Nadie recuerda, cosa lógica, al señor cura párroco de Hijes, don Pablo Pereda. De recordarlo, más que por el hecho histórico a que dio pie, se le recordaría por el descalabro que se llevó a cabo en la iglesia del municipio en el mes de julio de 1858, reinando la serenísima reina doña Isabel II de Borbón. El descalabro, o los descalabros, puesto que fueron dos, ya que poco tiempo después del primero, a su sucesor, en la noche del 9 al 10 de noviembre de diez años después, le robaron hasta la mula.

Aquel primer suceso, que tuvo lugar en la madrugada del 24 de julio del nefasto año de 1858, de la iglesia de Hijes desapareció una buena parte de su tesoro sacro, todo él en plata, y casi todo ello donado por un hijo de la población, de nombre Andrés Muñoz, quien tras los infortunios padecidos durante la infausta Guerra de la Independencia en el transcurso de la cual muchos de nuestros pueblos perdieron la plata de sus iglesias para convertirla en fuente de ingresos con los que combatir al francés, se empeñó en que parte de lo desaparecido regresase, aunque no fuesen sus obras originales, por lo que se encargó de costear parte de lo desaparecido a cuenta del francés.
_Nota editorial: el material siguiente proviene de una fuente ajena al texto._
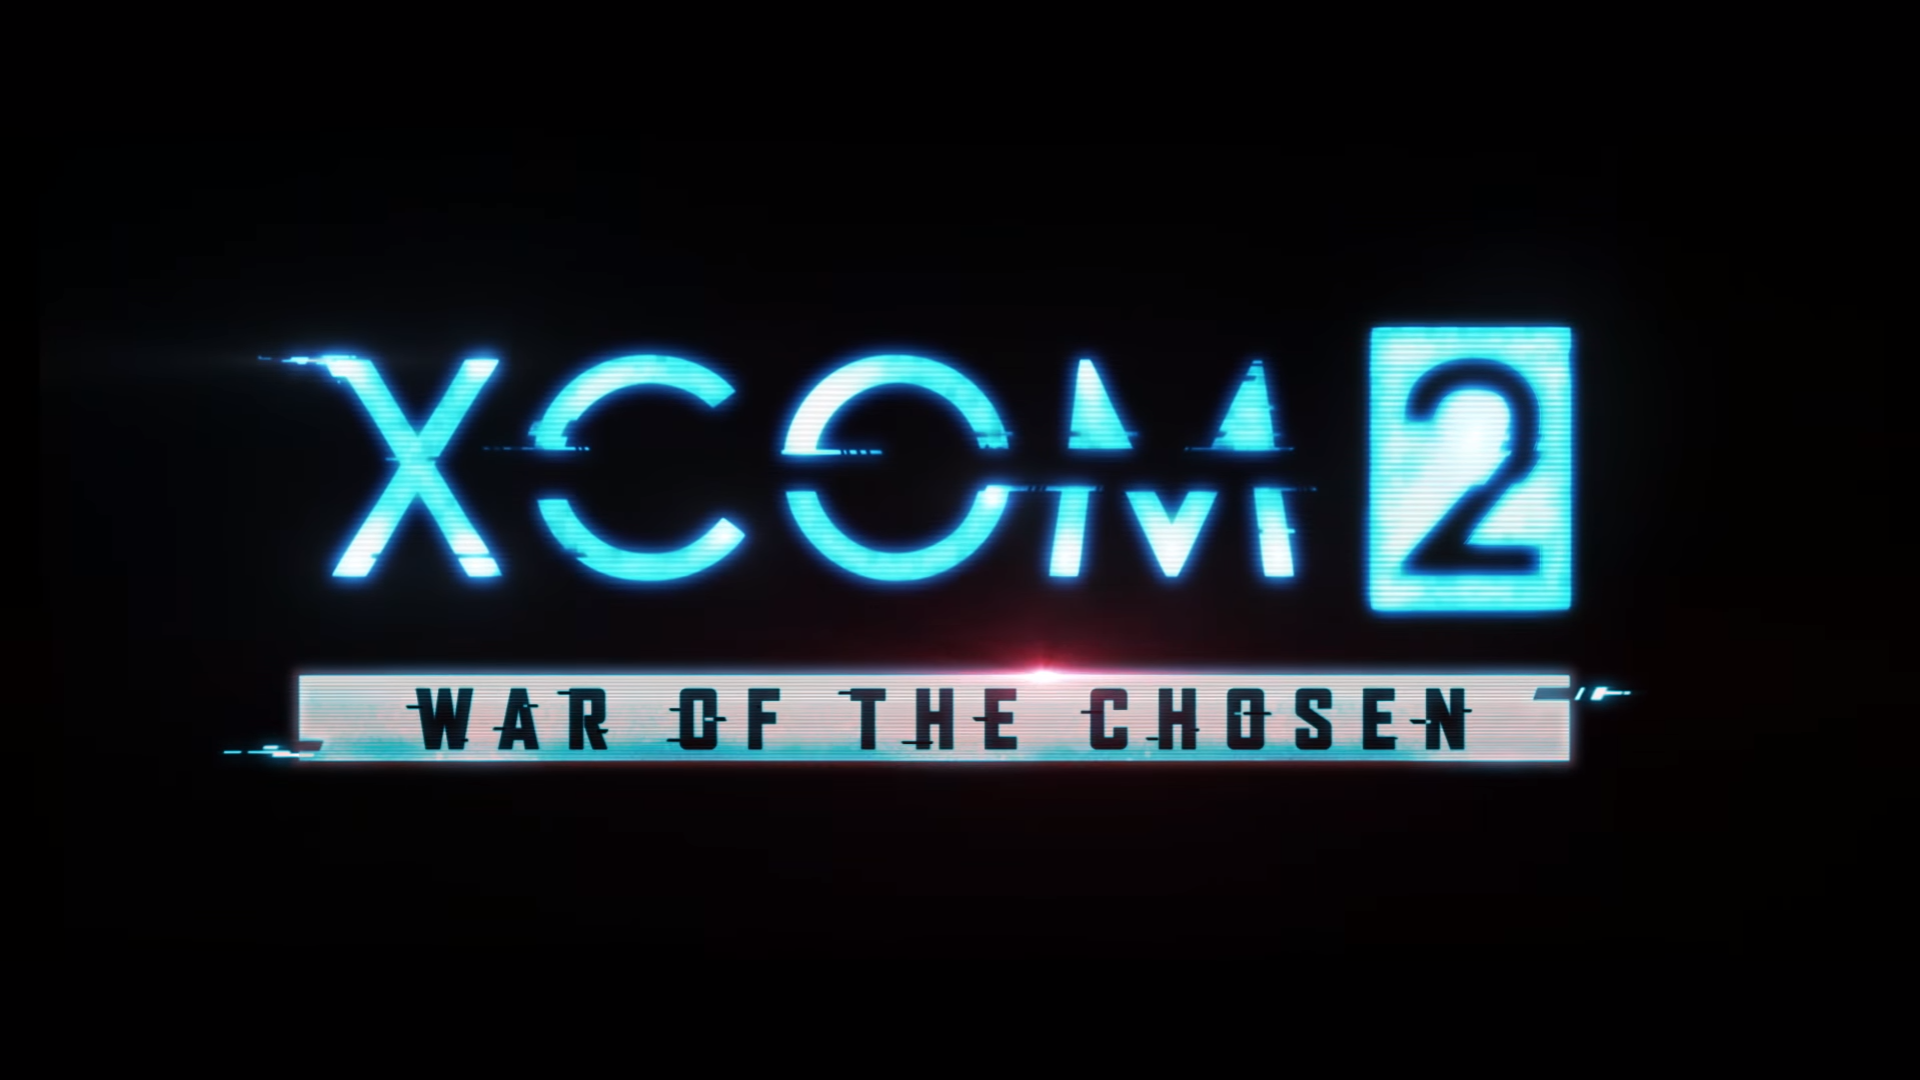 xcom 2 war of the chosen file size

Entre ello, una cruz de plata, tres cálices y una corona de Nuestra Señora del Rosario, patrona de la localidad, que el bueno de don Andrés Muñoz mandó labrar en un taller de orfebrería madrileño en el año de gracia de 1815 y, para que quedase constancia de quién era el donante, mandó labrar su nombre en cada una de las piezas que llevó a su pueblo.

El autor del robo, de 1858, del que nunca más se supo fue, al parecer, un mercadante de telas, de nombre José, que anduvo por aquellas tierras, hasta que echó el ojo a las joyas.

Don Pablo Pereda denunció ante las autoridades civiles y militares de Atienza el revés padecido como denunció, ante las mismas autoridades el hallazgo, algunos años atrás, de lo que entonces pudo ser uno de los mayores tesoros arqueológicos que conoció la provincia, y que en España, a través de la prensa de su tiempo se dio en llamarlo, el tesoro de Hijes.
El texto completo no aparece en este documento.